Task to complete:
Keep every word of the listing and reproduce it exactly, but set aside any image found there.

Information shown:
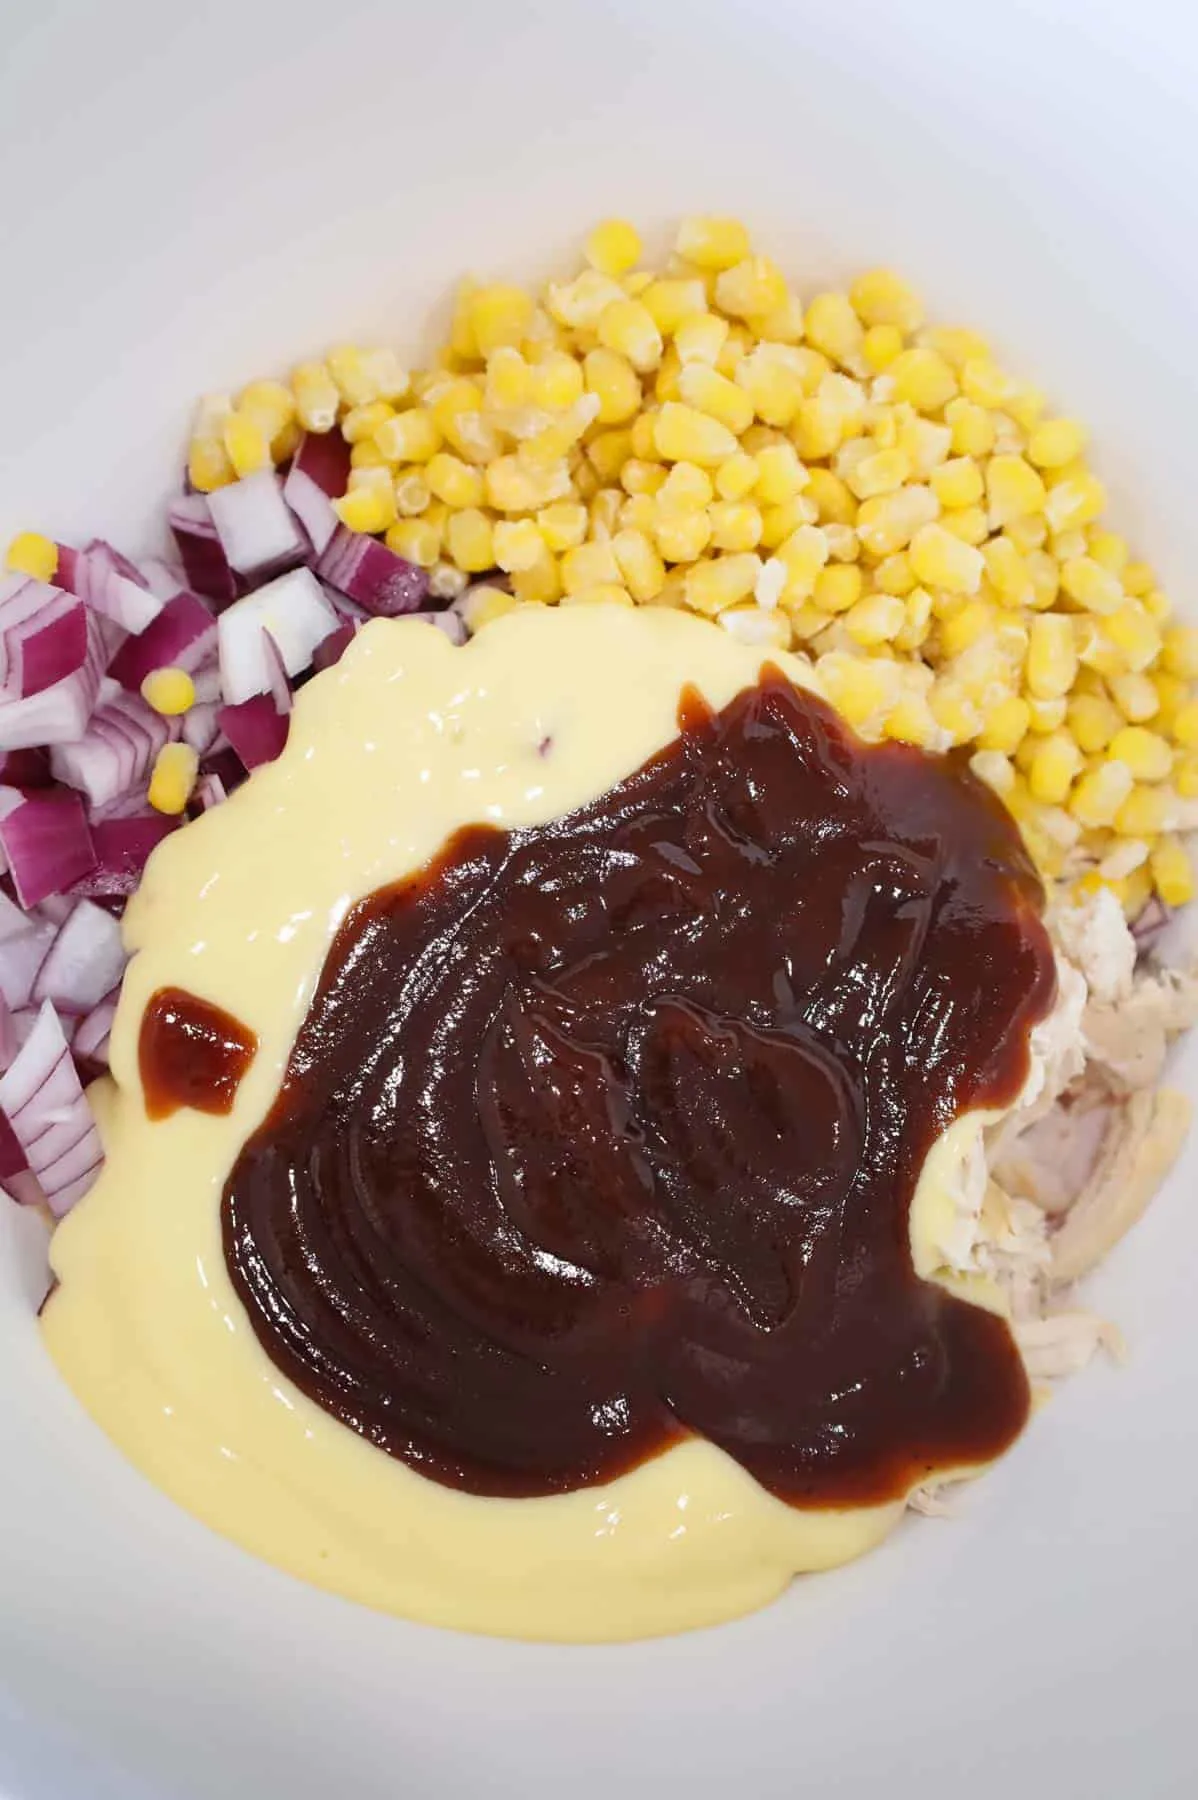 barbecue sauce, cream of chicken soup, diced red onions, corn and shredded chicken in a bowl
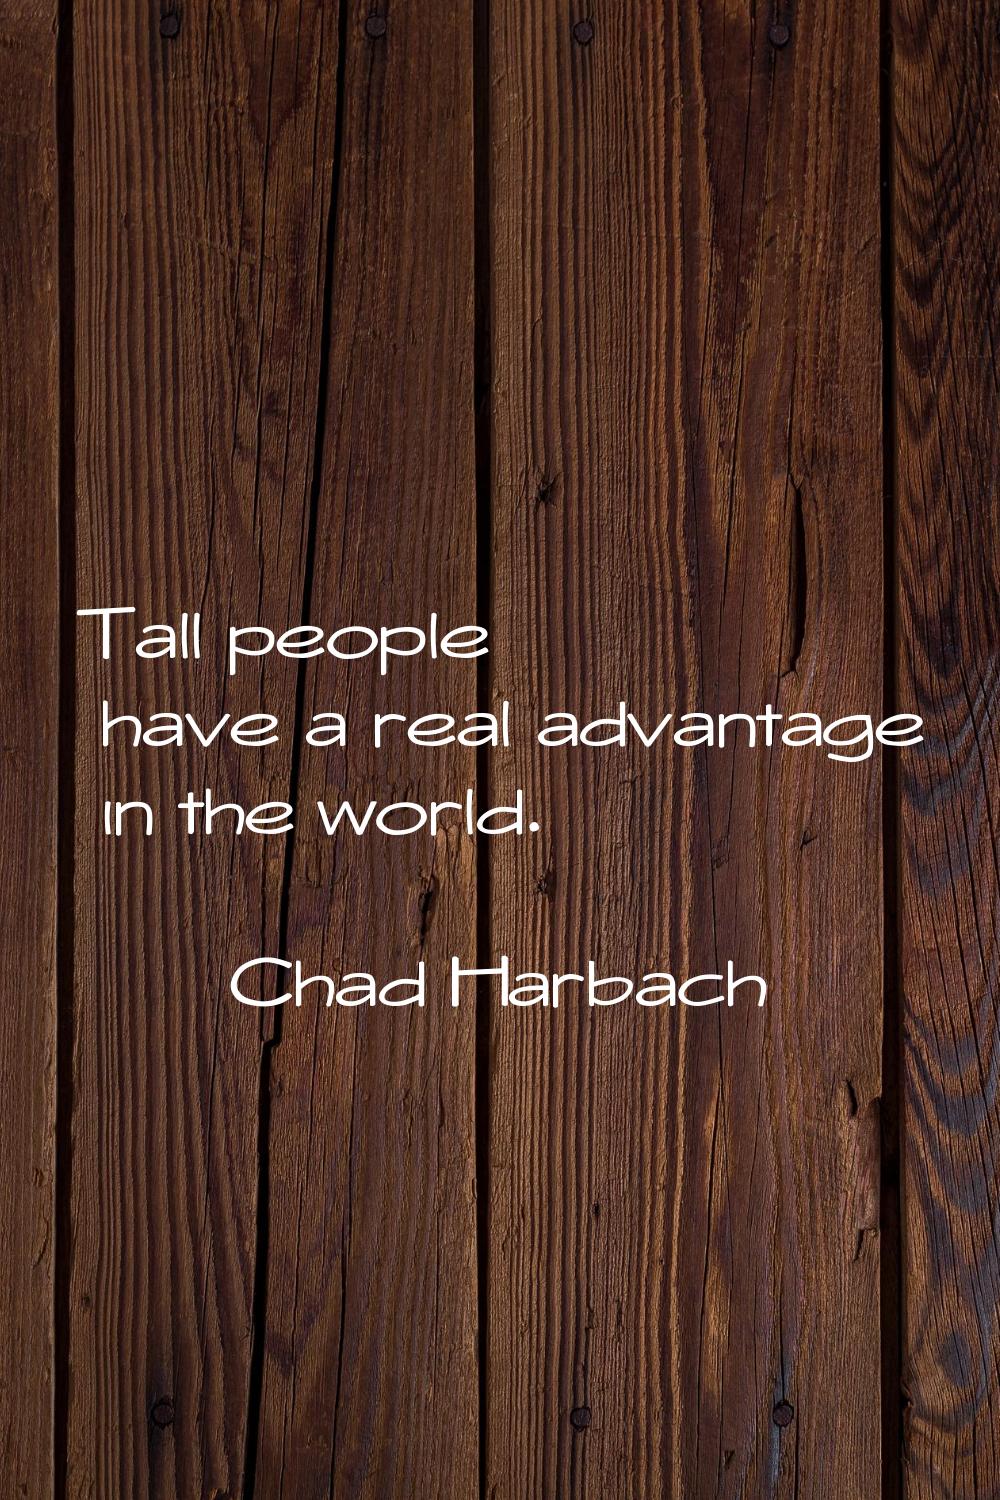 Tall people have a real advantage in the world.
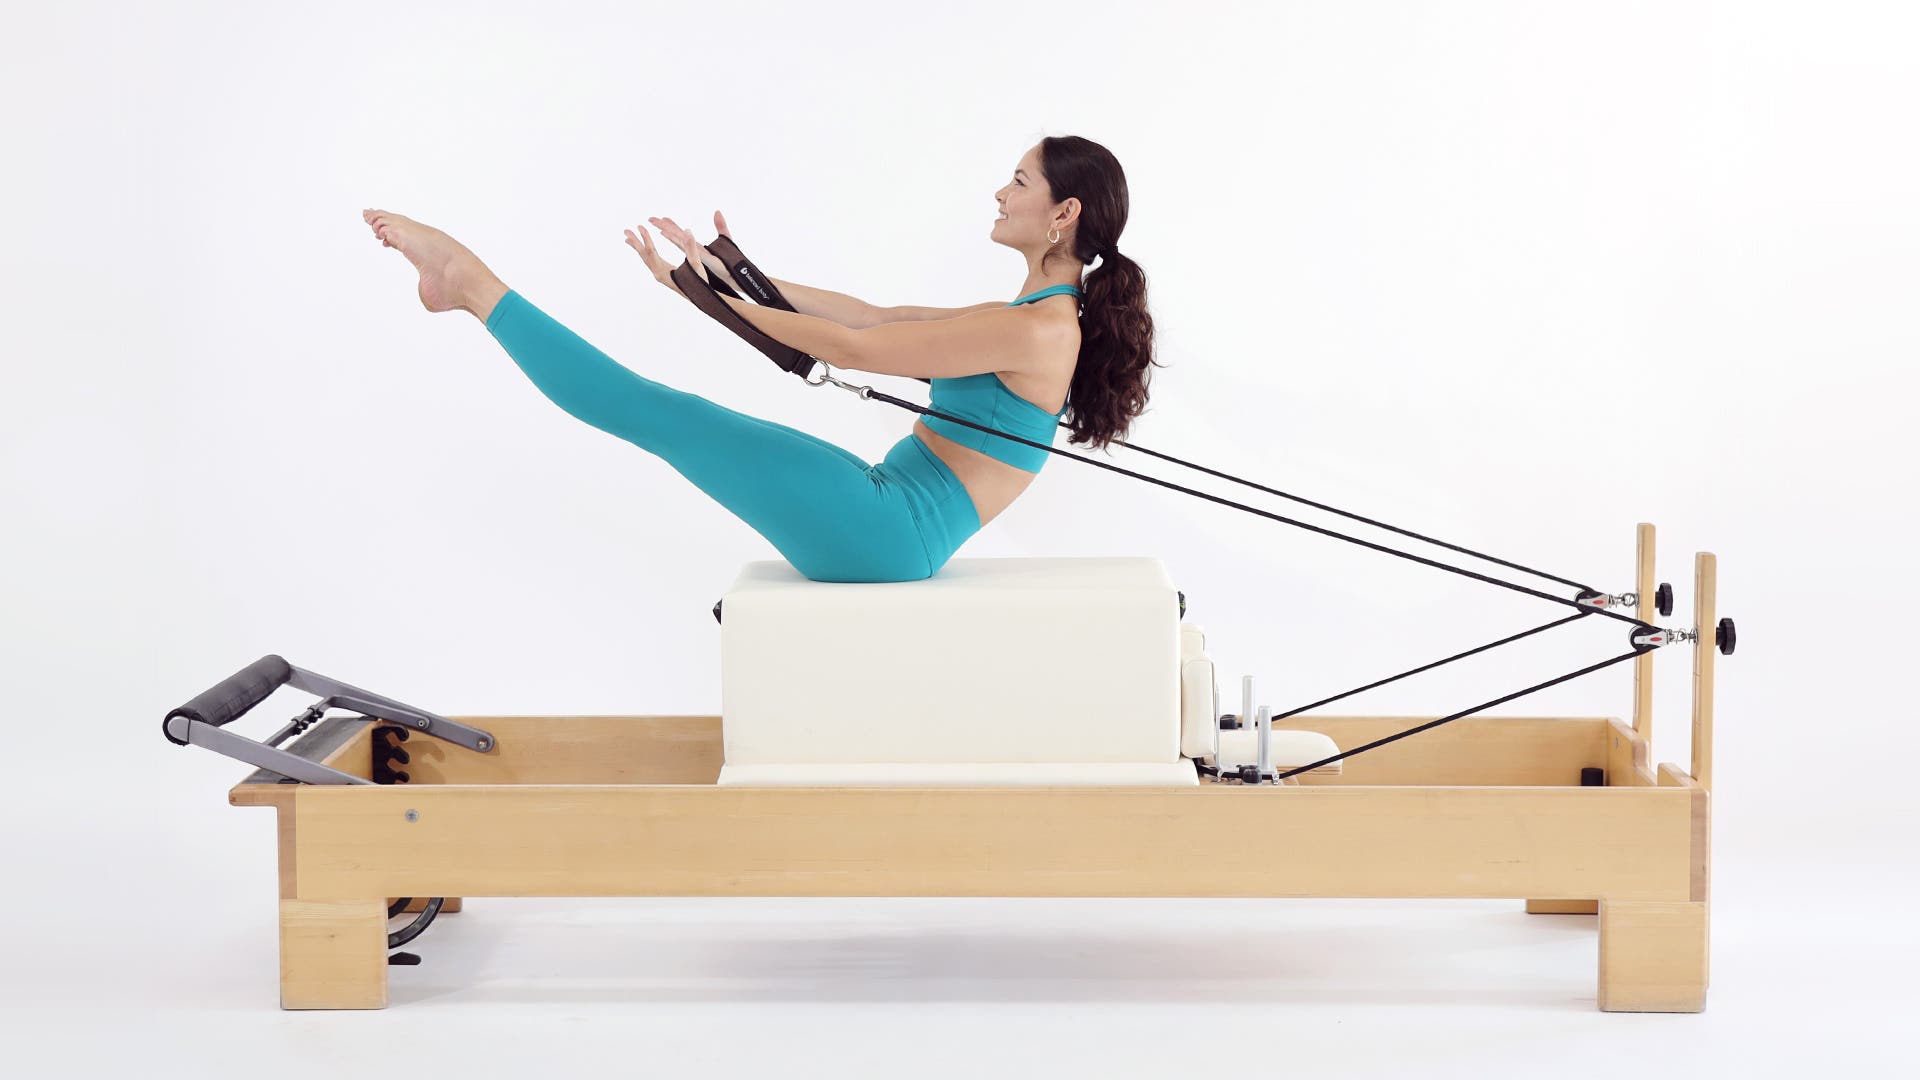 4 Practical Reasons You Should Own a Pilates Reformer Machine
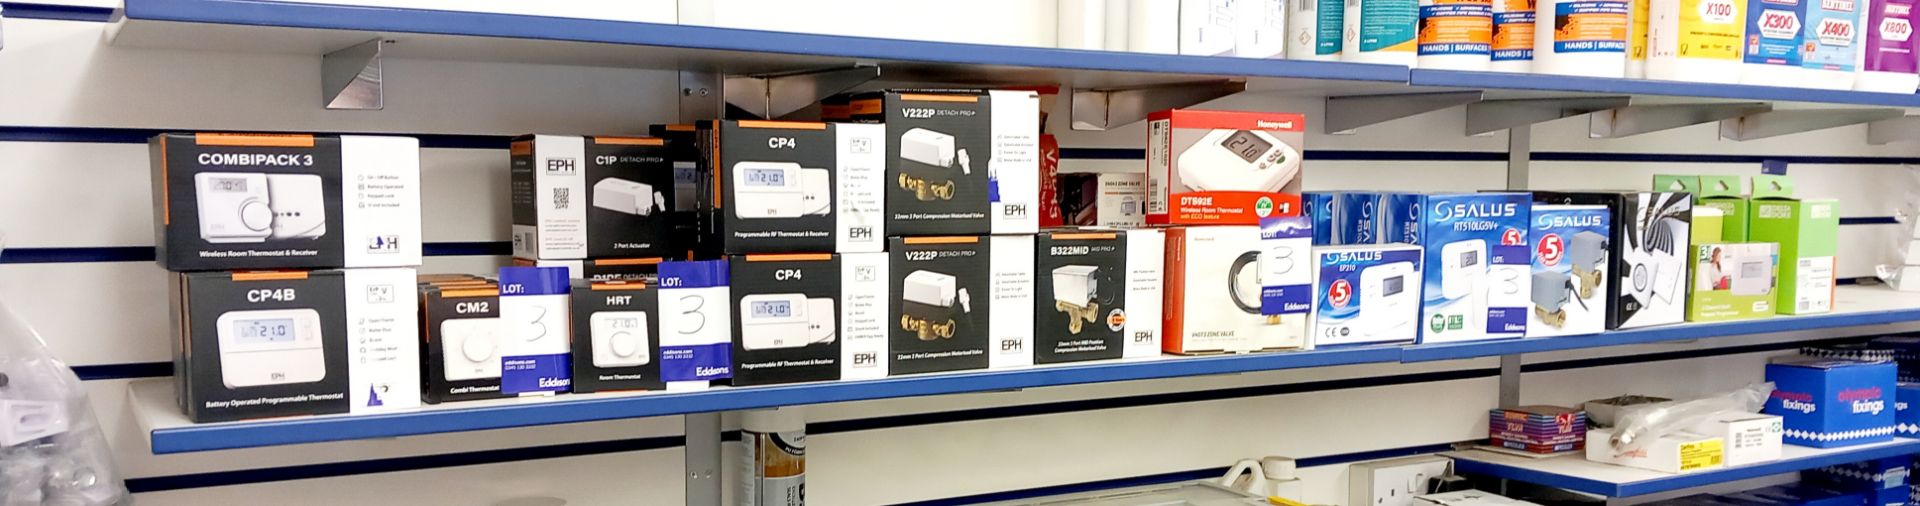 Quantity of various EPH, Honeywell and Salus thermostats and valves to shelf (approx. 50 units).

Response:
 barbecue sauce, cream of chicken soup, diced red onions, corn and shredded chicken in a bowl
 Tall people have a real advantage in the world.
 4 Practical Reasons You Should Own a Pilates Reformer Machine
 Quantity of various EPH, Honeywell and Salus thermostats and valves to shelf (approx. 50 units).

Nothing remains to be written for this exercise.